Что я тогда, в половине третьего года жизни, мог понимать в счастье? Печку истопили, тепло в комнате – счастье – когда дрова есть. Мама мясной бульон с Тишинки привезла – счастье – будет суп на неделю. Сахарные карточки песком отоварили – сладкое счастье – если молоко будет мама конфеты сварит, а нет, так они и постные хороши. Письмо пришло, отец возвращается – счастье – живой значит. Счастье – какое оно, тогда почему мама плачет? Как во всём этом разобраться?
И вот, наконец-то мама дождалась – вернулся отец. Очень даже живой, с руками и ногами, весёлый, громогласный и – совершенно не знакомый мне дядька. Весь из себя красивый, высокий, совсем не израненный, будто и не с фронта пришёл. Получается, что и такие красавцы воевали, и ордена у них есть?
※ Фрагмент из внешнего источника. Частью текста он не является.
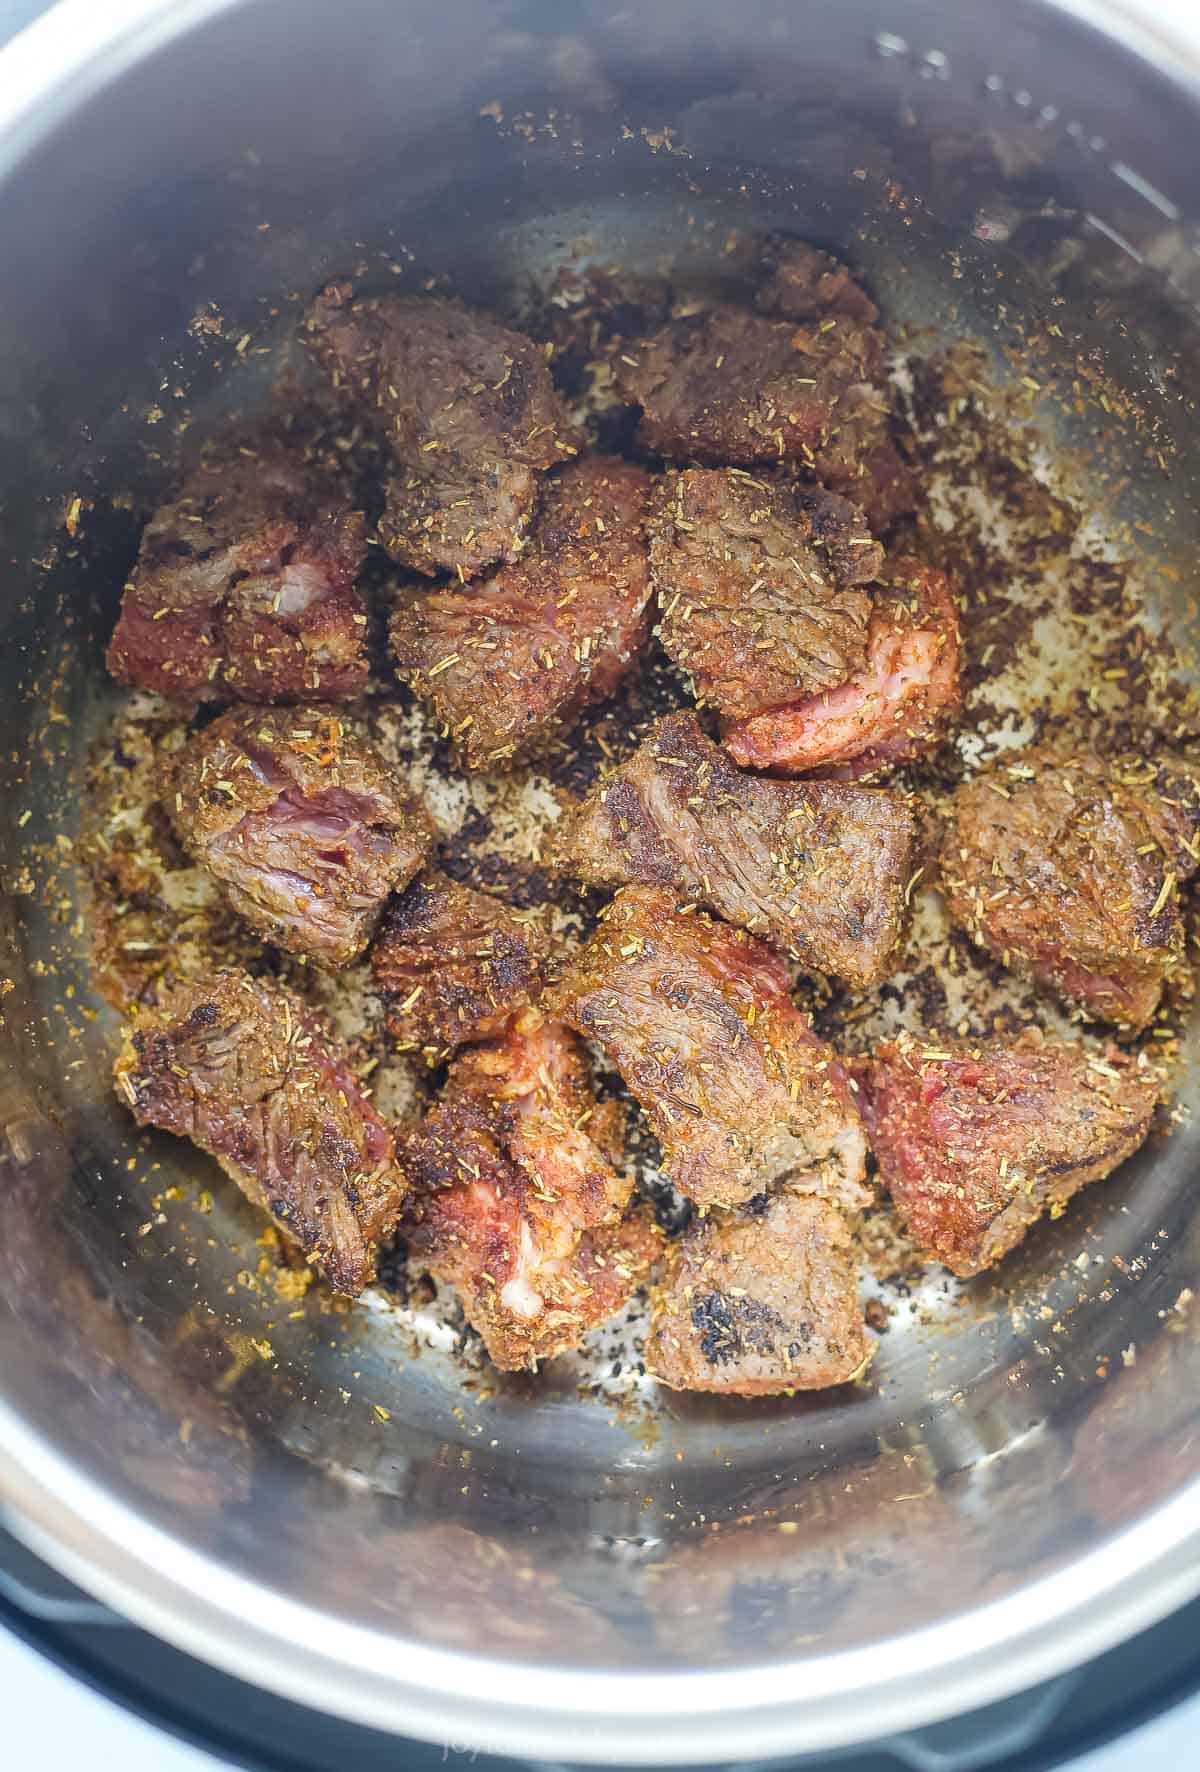 Seared steak in the instant pot.

Оказывается, есть и ордена, есть и медали, а ещё три нашивки есть, на груди справа, одна красная и две жёлтых. Правда, всё это я узнал и понял много позже.
Сам день встречи с отцом чем-то особенным мне не запомнился. Увидел я его впервые и естественно дичился, мне тогда мой дядька, дядя Коля, был ближе и роднее. То, что во дворе длинный стол накрыли, так это я уже видел. Через один дом тоже во дворе недавно собирались, там сразу три мужика вернулись и столов там два было. Баба-Варя ходила посмотреть и меня брала, потом мы всем рассказывали. А о нашем дне встречи отца я ранний подъём помню и что тянулся тот день до бесконечности. Народу много было, московскую родню всю известили, даже дядю Саню из Реутова вызвонили. Из двух соседних домов народ был, свои соседи, а продуктов нанесли – гору. Хозяин с семьёй на общий стол расщедрились, родня как-никак. В их семье два маминых племянника, мои братья двоюродные.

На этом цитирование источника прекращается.